[Start of section]

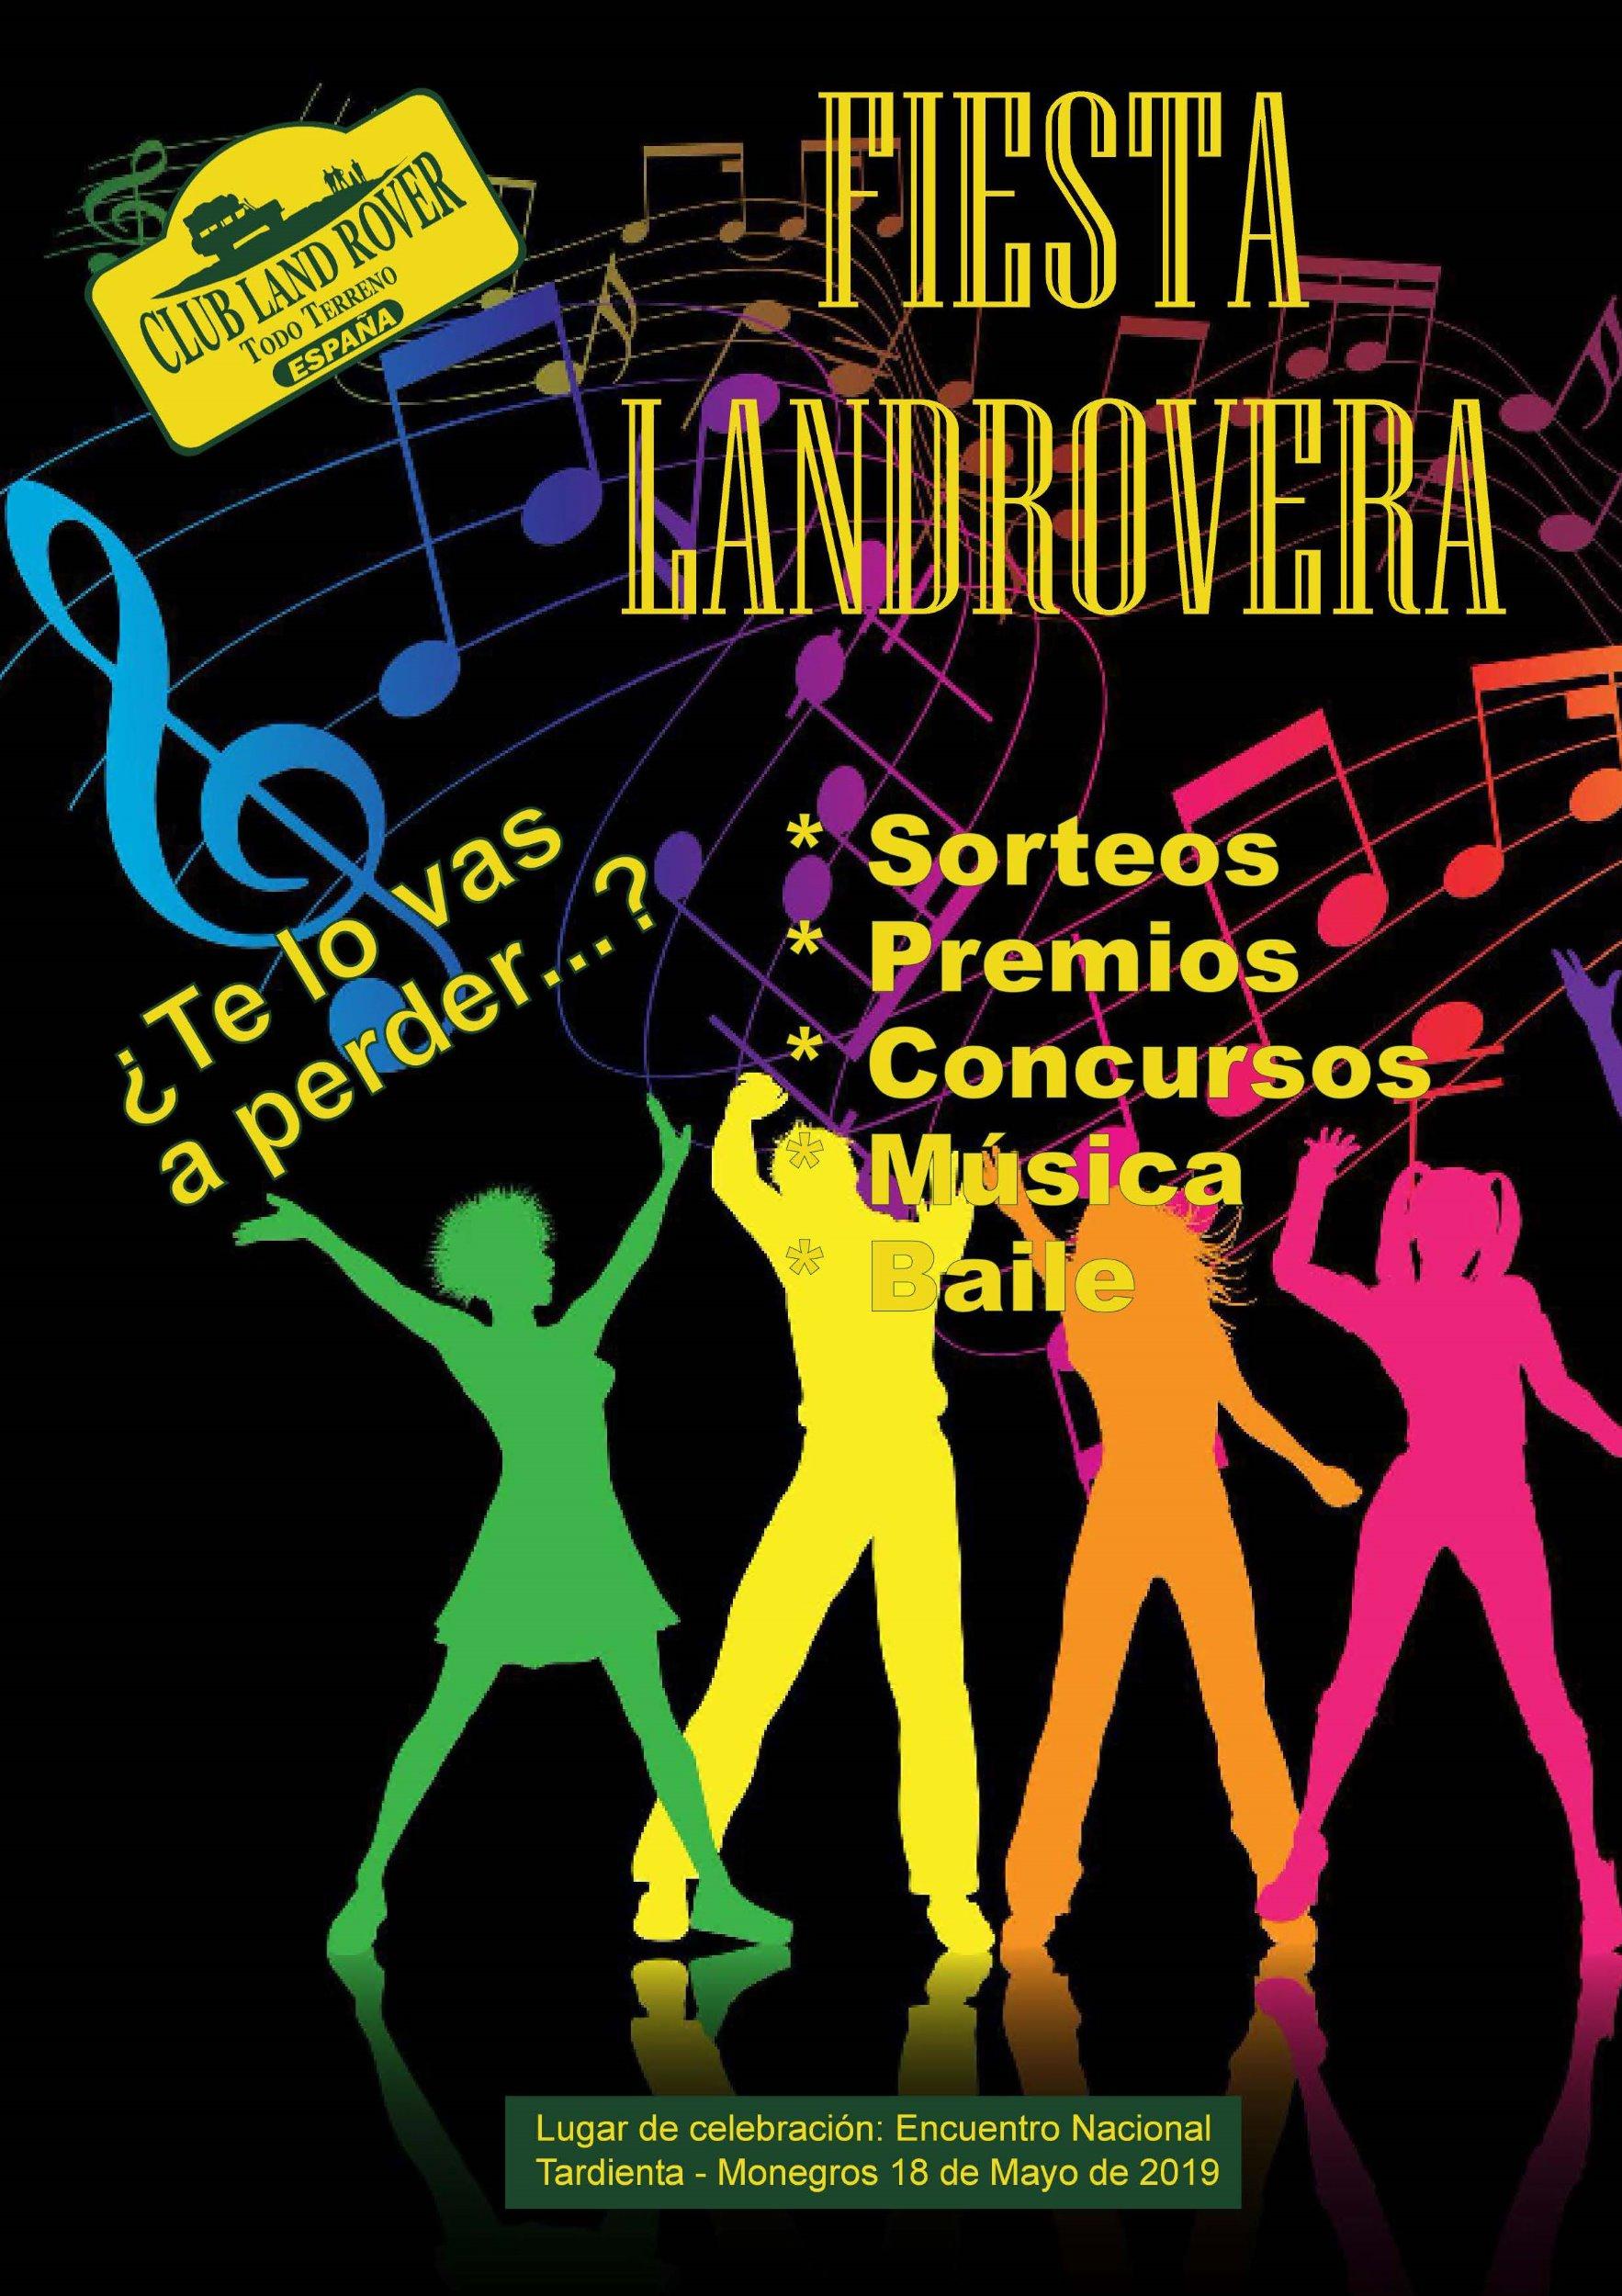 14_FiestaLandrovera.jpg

[End of section]
[Start of section]

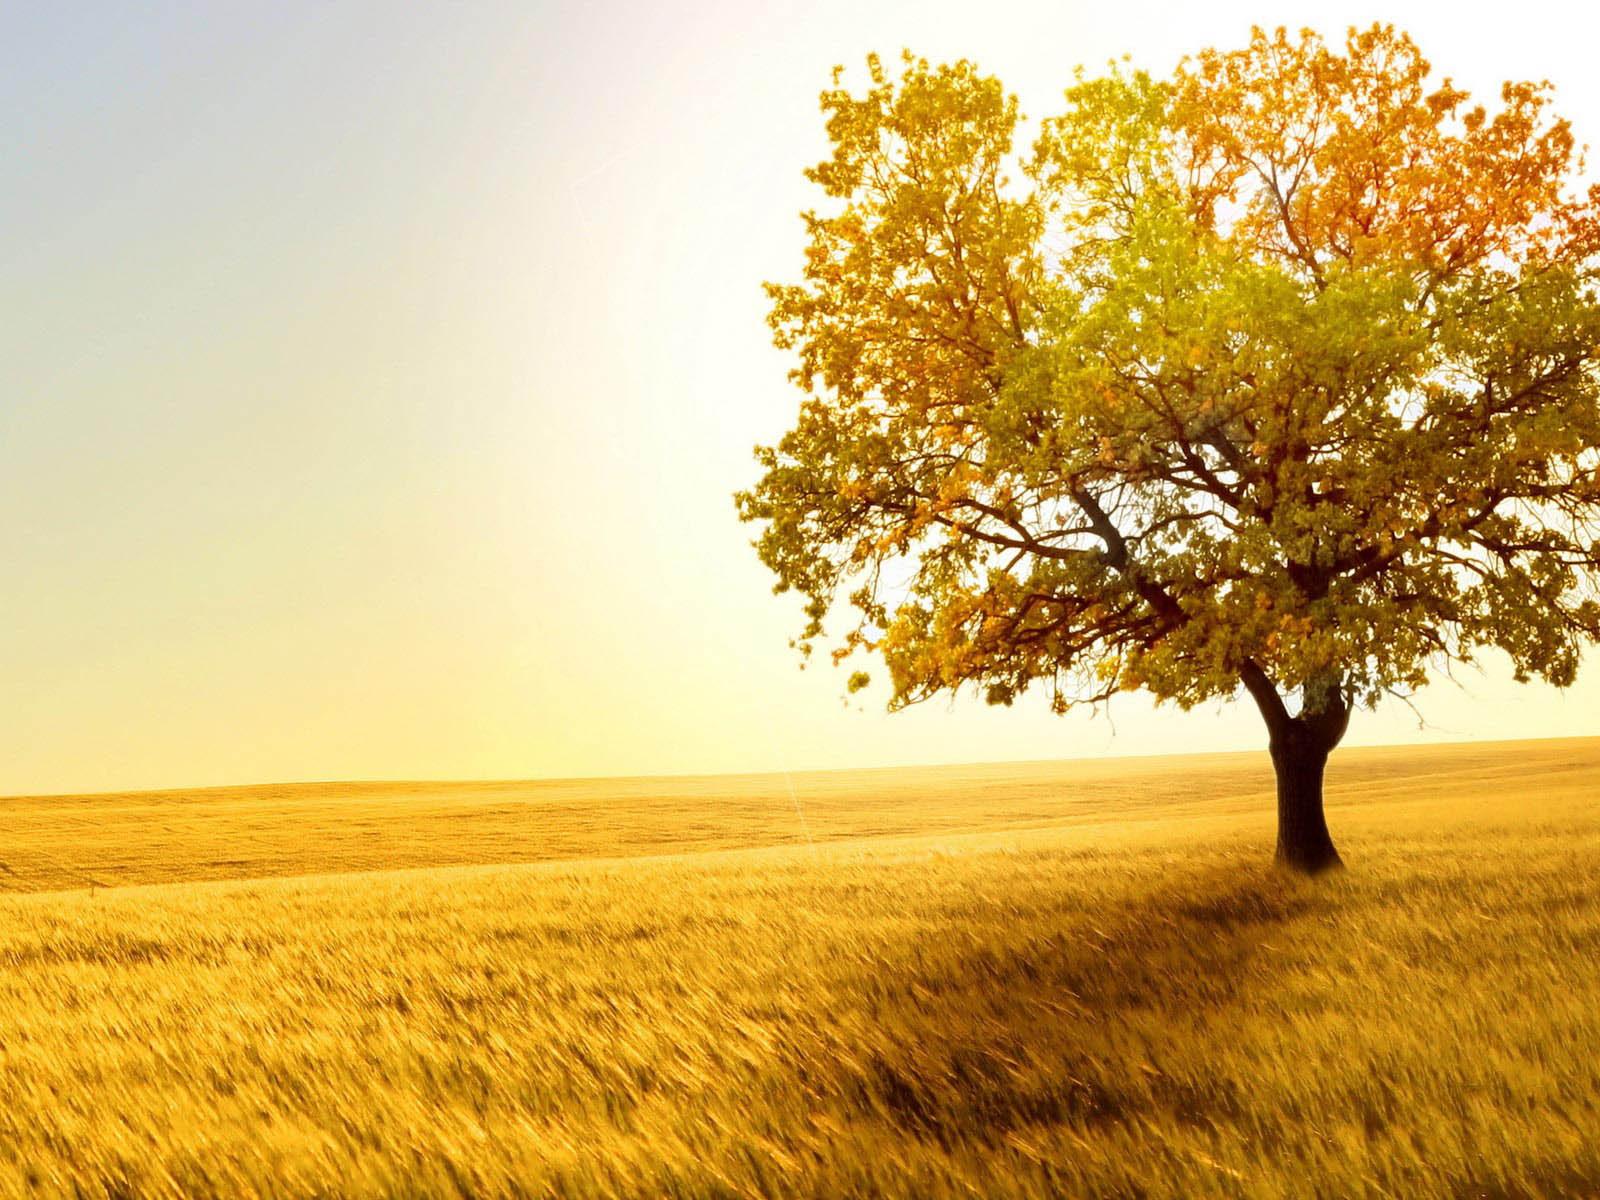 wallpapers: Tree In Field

[End of section]
[Start of section]

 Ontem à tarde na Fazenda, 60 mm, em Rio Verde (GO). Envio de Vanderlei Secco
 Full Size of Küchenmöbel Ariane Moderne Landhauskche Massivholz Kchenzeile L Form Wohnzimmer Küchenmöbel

[End of section]

### ASSIGNMENT:
Among the lines above, repeat exactly those from the line with "Ontem à tarde" to the line with "Full Size of", counting both ends.

### COMPLETED EXERCISE:
 Ontem à tarde na Fazenda, 60 mm, em Rio Verde (GO). Envio de Vanderlei Secco
 Full Size of Küchenmöbel Ariane Moderne Landhauskche Massivholz Kchenzeile L Form Wohnzimmer Küchenmöbel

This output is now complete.